I have been seeing from 4 to 14 monarchs at a time the last couple of weeks. I don't remember how many I have seen other years, because my memory is not good. I'll have to check last year's blog posts to see if I said how many I had been seeing.

The reason I know what the long-horned bee is, is because Heather Holm let me know on Facebook. I still would like to be able to tell what the different sized bumble bees are that I see.

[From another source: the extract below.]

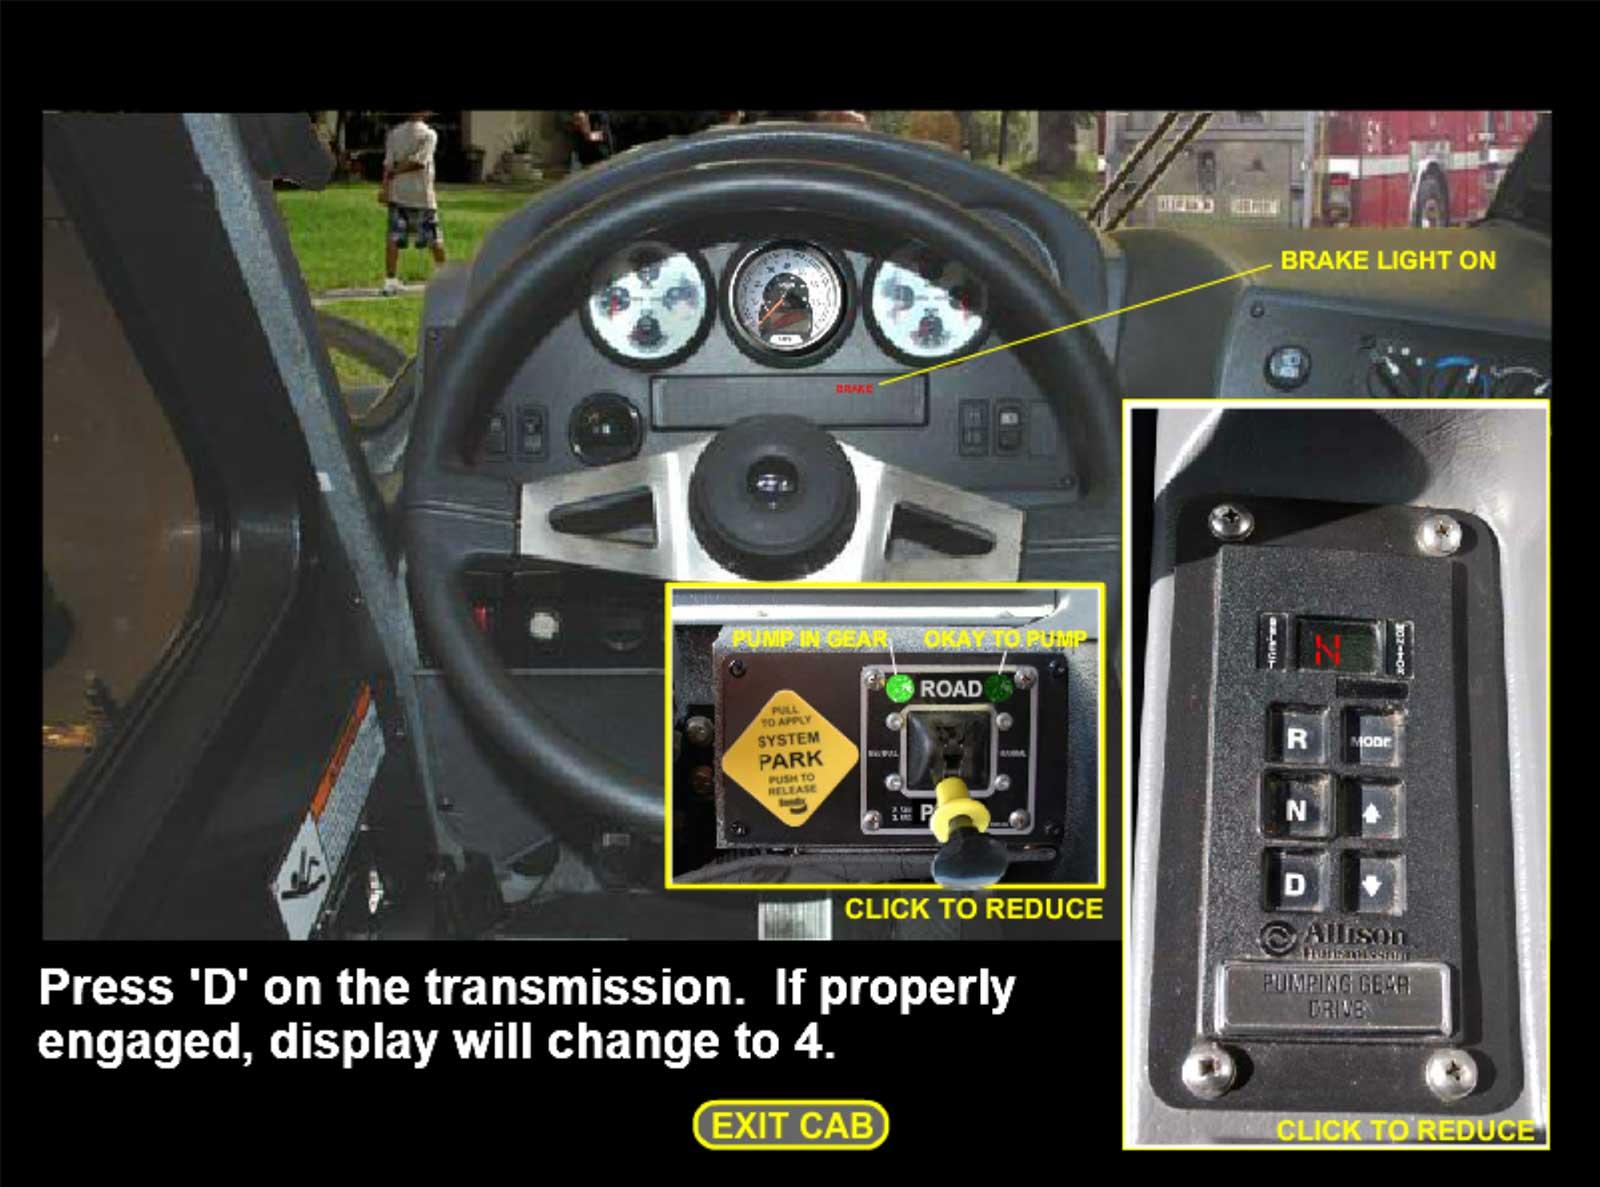 Steering wheel of fire engine

We were already paying $2.00 a month for photo storage, while the email said I was on a free plan. I need to check the new gmail Larry set up to see if they've replied to his email.

Barbarapc said...

That's very kind of you Sue! Seems that there's a better population in your area of North America than here. My next big monarch draw - a Seven Son Plant - Heptacodium mecanoides is on the verge of blooming - it will be the test to see how our population has done. Good luck with Google!
Rose - here I had imagined a lovely pink or purple plume, like Veronicastrum....it really is a great exercise to hunt down to find out exactly what the plant is - offensive, or not!

Diana Studer said...

about my Phylica?

Mine is tiny, but there is a large one at the Harold Porter NBG in this post
http://eefalsebay.blogspot.com/2015/07/to-harold-porter-nbg-at-bettys-bay.html

http://www.plantzafrica.com/plantnop/phylicpubes.htm
1 to 2M

Beth said...

Enjoyed the walk - what a lovely woodpecker!

NC Sue said...

Such a wonderful series of photos!
I hope you will link up at http://image-in-ing.blogspot.com/2015/08/strange-visitors-in-garden.html

Hawkeye BrownDog said...

Hi Y'all!

Beautiful walk. Lovely photos.

Y'all come on by,
Hawk aka BrownDog

Jason said...

I just planted a couple of the Flowering Raspberry this year. They haven't done much yet but I have high hopes for next season. I wondered the same thing about the Red Bellied Woodpeckers. I actually thought they should be called Red-Necked Woodpeckers. However, it turns out they do have a small red mark on their bellies.

Helen said...

Actually, with today's heat and humidity, I find myself thinking fondly of cooler weather, leaf changes and all! I had no idea the juvenile herons were white either. Cool!

Jennifer said...

How are you fairing in this heat? We had two weeks vacation at this unfortunate time. Boy were we sweating while working on our various projects around the house!
A friend has the first plant in her garden. It's common name is wild raspberry and apparently the fruit is edible. It spreads rather aggressively I've heard. I have the third plant in my garden. I swear it is about 12' tall. It has flopped sadly, as it likes moist conditions and sun. Lord knows we have had sun, but not a drop of rain for almost two weeks. Thank God for yesterday and today's rain. The leaves give it the name 'Cup Plant'. Water collects in the leaf cup and birds and insects like it.
See you went to Buffalo. Looks like a great tour!

Barbarapc said...

Jennifer, me and the garden, not so well in the heat and seasonal transition. Buffalo was great - so many gardens, just not enough time!
Helen, today's weather has been a treat - thank goodness for the cool. I'm really over the summer weather - if I can't plant beans, don't tease me.
Jason, the naming of birds is confounding sometimes....I suppose if we could insist on Latin names, but remember now that a Robin is called Turdus migratorius....so maybe not I guess.
Looking forward to saying hello tomorrow to you all Diana, Beth, Hawkeye & NC Sue!